Why Small Galleries Are a Vital Force in the Art Ecosystem


Small galleries are the heart of the art world, and are uniquely positioned to unlock direct access to their local art scene. They also play a vital role in shaping the broader art world, providing collectors and institutions with the opportunity to discover and support emerging artists and galleries.

But the costs of running a gallery can be more pronounced for small galleries, where simple administrative costs can become a make-or-break issue. At London-based NıCOLETTı, gallery director Camille Houzé emphasizes that location can also impact the overall budget. Houzé mentions the difficulties that come with running a gallery in the U.K., which is currently dealing with high inflation and Brexit-related issues such as increased shipping costs. These factors have affected what type of installation work the gallery can accomplish: Ambitious, large-scale works require inventive techniques, can come at the cost of the gallery, and can often puzzle collectors. “One of the challenges we face as a young gallery is to support radical practices—or artists working with mediums that collectors are less used to acquiring,” Houzé told Artsy.

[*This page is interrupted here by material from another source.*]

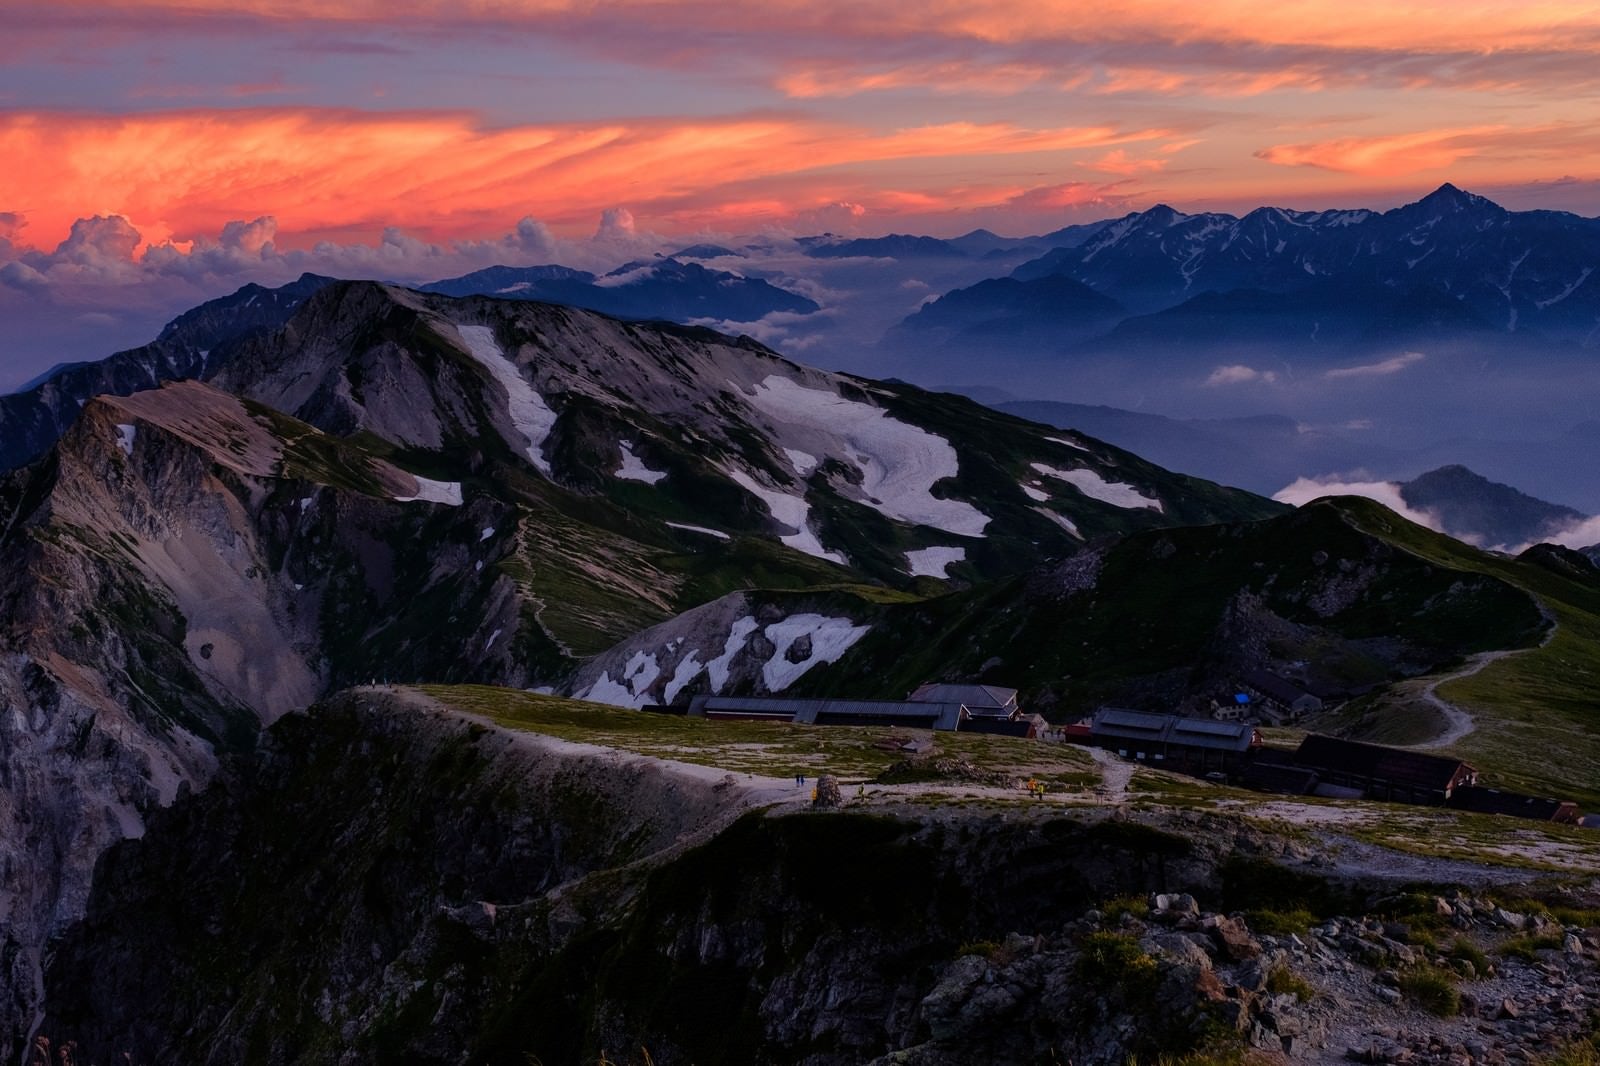 「夕日に染まる杓子岳と白馬鑓ヶ岳と立山連峰」の写真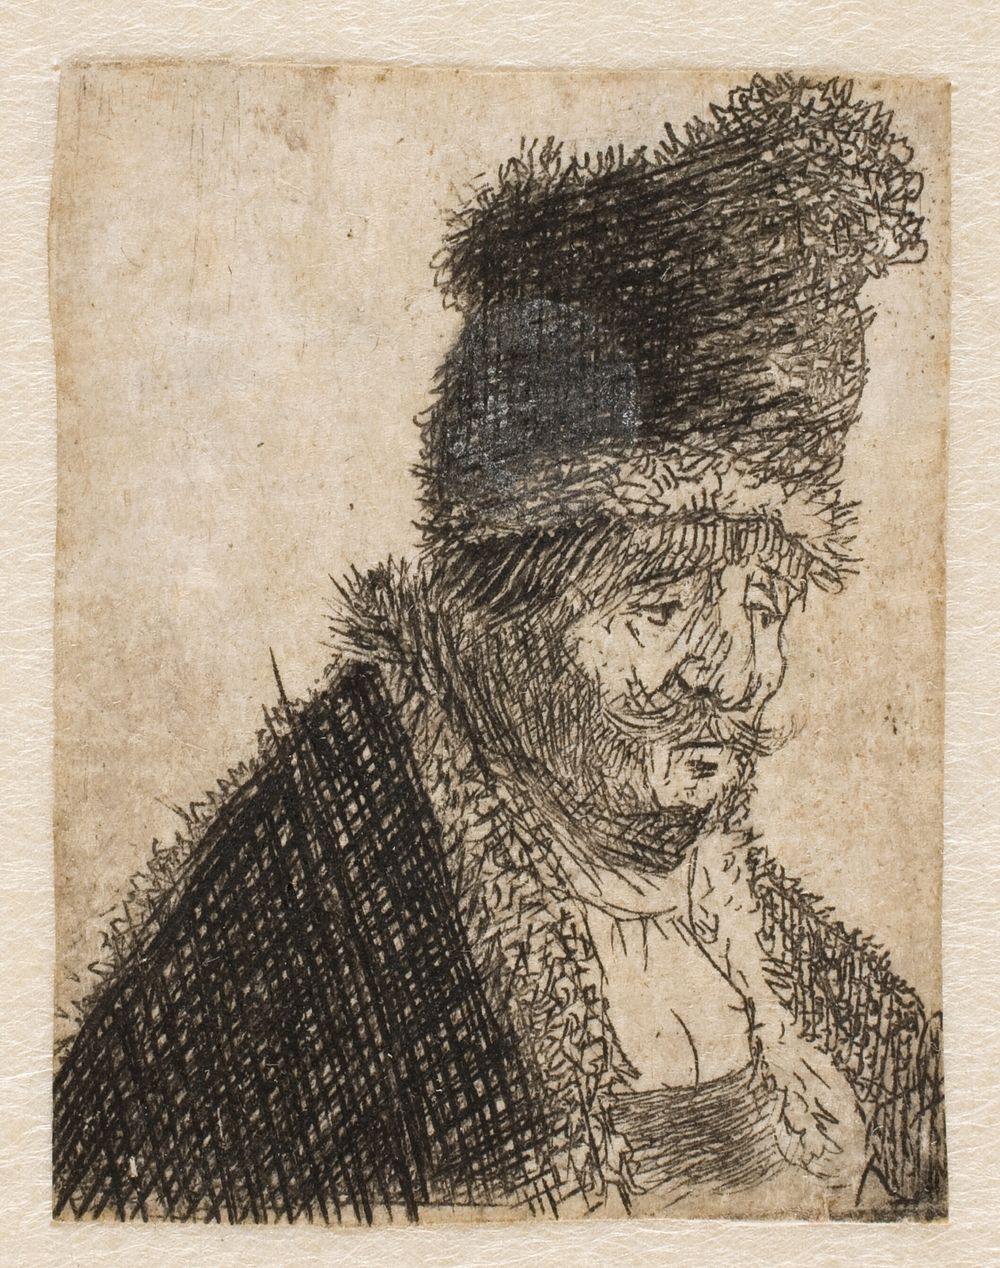 Head of old man with fur hat by Rembrandt van Rijn

One of the ways in which this tension can be alleviated for such galleries is to have their emerging artists partner up with multiple galleries, especially larger ones who may be able to support their ambitious installation goals. KJ Freeman of New York–based gallery HOUSING echoed a similar sentiment when discussing her reason for partnering with Karma to support the work of Nathaniel Oliver: Both galleries would get to work with the emerging artist, giving him an increased platform to reach newer collectors.

But for some galleries, building these partnerships, as well as with collectors and the local community, can be difficult. Having a space in a small town without a knowledgeable collector base takes a lot of hard work and optimism to be successful, noted Richard Lally, founder and director of Espace Lally, which is based in Béziers, a commune in southeastern France. “Getting noticed and attracting a steady stream of visitors can be tough, particularly if the gallery is located in a less frequented area or lacks a strong online presence,” he said. Lally is combatting this by working more with a more locally focused program of artists and increasing his online sales to bring in new collectors.

Some galleries are abandoning a brick-and-mortar practice altogether. Curator and gallery director Storm Ascher runs a nomadic practice with Superposition, which stages shows in temporary spaces. “Once considered a niche concept, the nimble model has now permeated art discourse, and I’m very optimistic about this,” said Ascher. “I think this rising generation of gallerists exemplifies a new level of sophistication unparalleled in history.”

Lally echoes Ascher’s points that small galleries are, sometimes out of necessity, creating more flexible spaces as a way to attentively meet the needs of their artists and maintain their business. For Espace Lally, its former brick-and-mortar spaces were ecologically and geopolitically constructed. Lally opened the gallery in Port-au-Prince, Haiti, in 1992, which followed the 1991 coup-d’etat and embargo placed on the country. Its original location closed in 2000 and reopened in 2010, only to be severely damaged by the catastrophic earthquake that year. Espace Lally has begun again in Béziers in 2020, and while the reception to the shows with artists such as Fatima Mazmouz and Laura Labri Laborie have been well received, it has been a long road for the gallery.

Art fairs are another key way for galleries to meet new collectors and institutions. Houzé emphasizes that small galleries tend to exhibit more ambitious works at fairs as they are willing to take a risk on an artist’s vision, while Ascher asserts that larger entities like museums depend on the presence of small galleries in these spaces during the fairs as they are critical sites for discovery.

For example, museum acquisitions made during fairs are often in support of emerging artists, like when the Brooklyn Museum acquired a Diedrick Brackens tapestry from Various Small Fires at Frieze New York in 2019. Small galleries are routinely utilized as a discovery tool, as they are more closely connected to their local art scene.

“Small galleries have historically played a significant role in the art world by providing emerging artists with exhibition opportunities and acting as platforms for experimentation and creativity,” said Lally. “They often have more flexibility in showcasing unconventional and niche art compared to larger, more established institutions.”

Ascher echoes Lally’s position when stating what Superposition’s mission. “Our mission-driven programs are borne out of personal struggles and experiences that have galvanized us to create a transformative impact,” she said. “It’s grounded in a genuine love for the art community, our culture, and a willingness to shoulder the burdens that artists face as they reshape perspectives or reflect their time period.”

Small galleries also tend to forge tighter bonds with their artists. For Houzé, small galleries are a source for discovering new artists and supporting their practices. “A young gallery has the capacity to give voice to artists coming from more diverse backgrounds, as well as to ask questions and promote discourses that may have been sidelined,” he said. “To ensure its sustainability in the future, we need the support of press, collectors and institutions.”